After the PR is approved and merged to main branch, eb-deploy.yml workflow kicks in and runs the eb-cli to deploy the new code. This workflow expects the repository to have the aws access tokens as secrets.

name: Deploy on aws elasticbeastalk
on: 
  push:
    branches:
      - main
jobs:
  build:
    runs-on: ubuntu-latest
    steps:
    - uses: actions/checkout@v2
    - name: Set up Python
      uses: actions/setup-python@v2
      with:
        python-version: '3.6'
    - name: Install ebcli
      run: |
        pip install awsebcli
    - name: deploy
      run: |
        eb deploy sentiment-env
      env:
        AWS_ACCESS_KEY_ID: ${ { secrets.AWS_ACCESS_KEY_ID }}
        AWS_SECRET_ACCESS_KEY: ${ { secrets.AWS_SECRET_ACCESS_KEY }}

And thats it! new model and code are now being served.

happy

Final Words

Adding these simple workflows can improve your productivity and code quality!

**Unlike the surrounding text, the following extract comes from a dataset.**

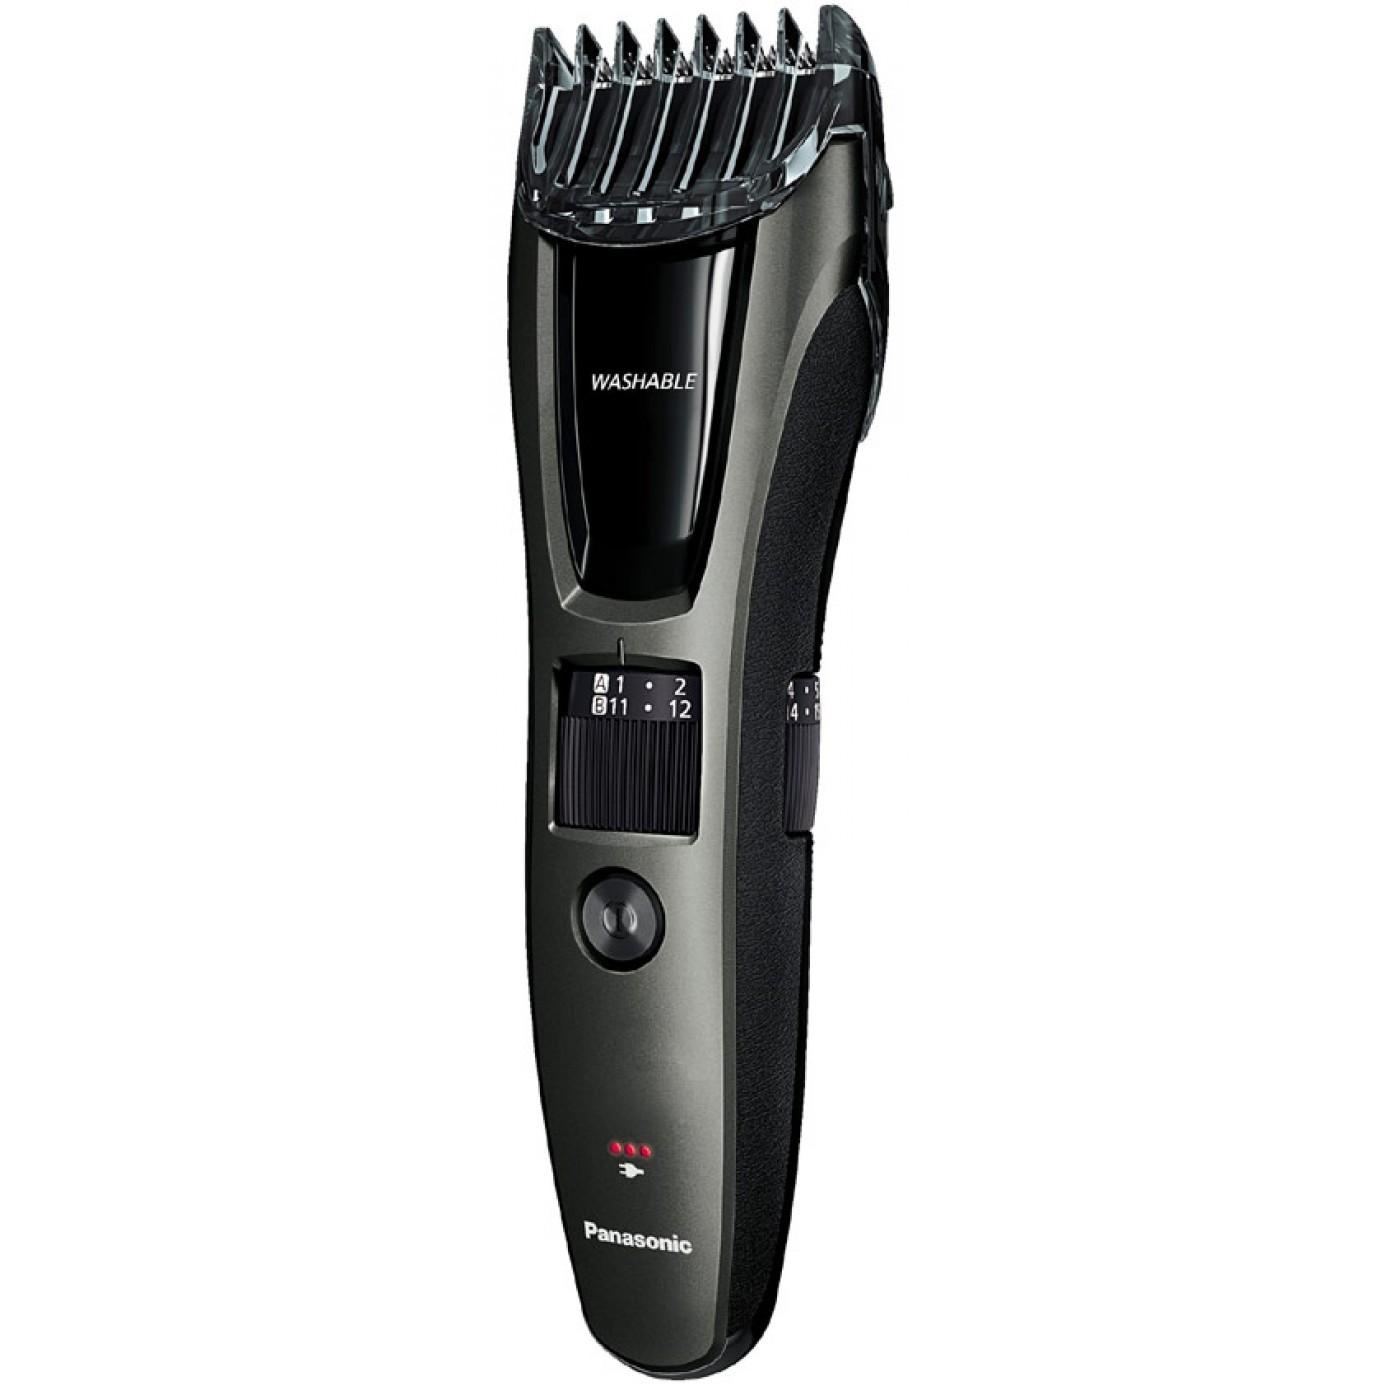 PANASONIC ER-GB 60 Hair and Beard Trimmer
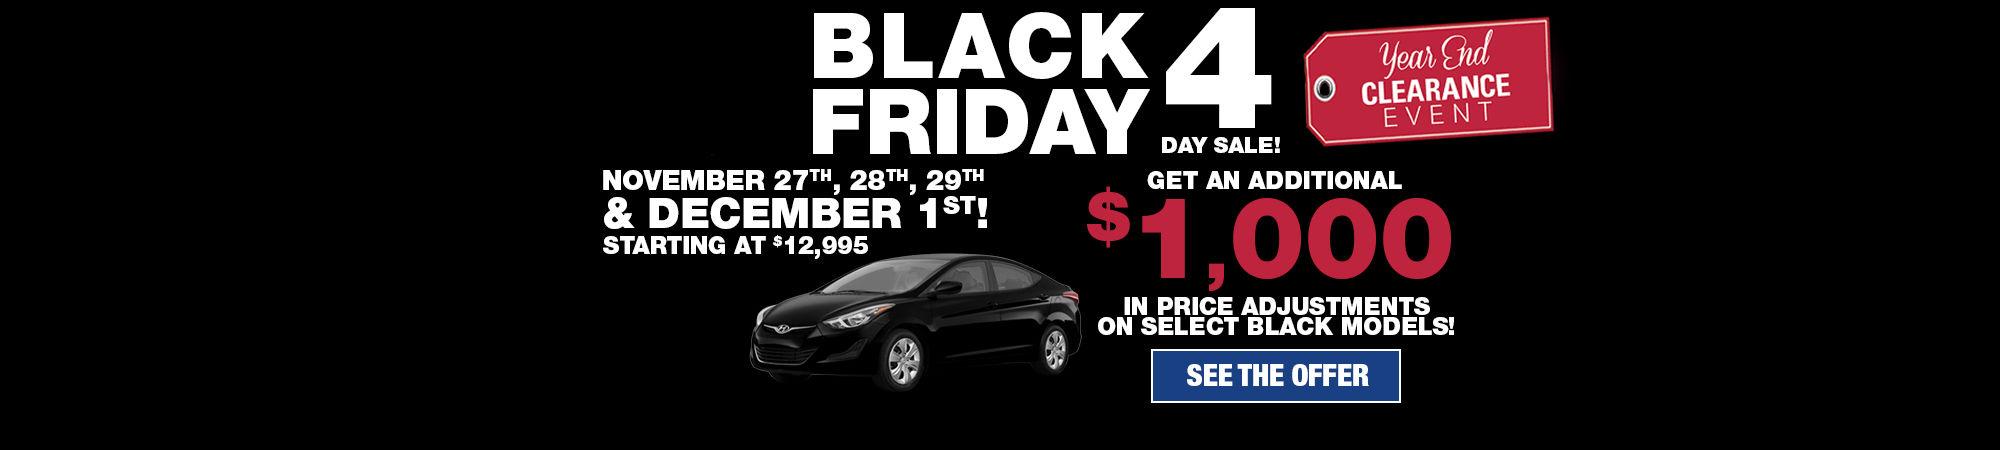 Black Friday 4 day sale!

  • Its easy to reproduce earlier results by checking out an earlier version that uses the matching binary.
  • High code quality and testing is super important for your project to be readable by others.
  • Deployment becomes something you set once and forget about it.
  • In this post I did not talk about dataset versioning which is important to reproduce results. During a project life cycle the dataset changes, gets fixed and gets bigger. Each version of the code+binary should also be coupled with the version of the dataset so that checking out an early commit can reproduce the exact model with the same data.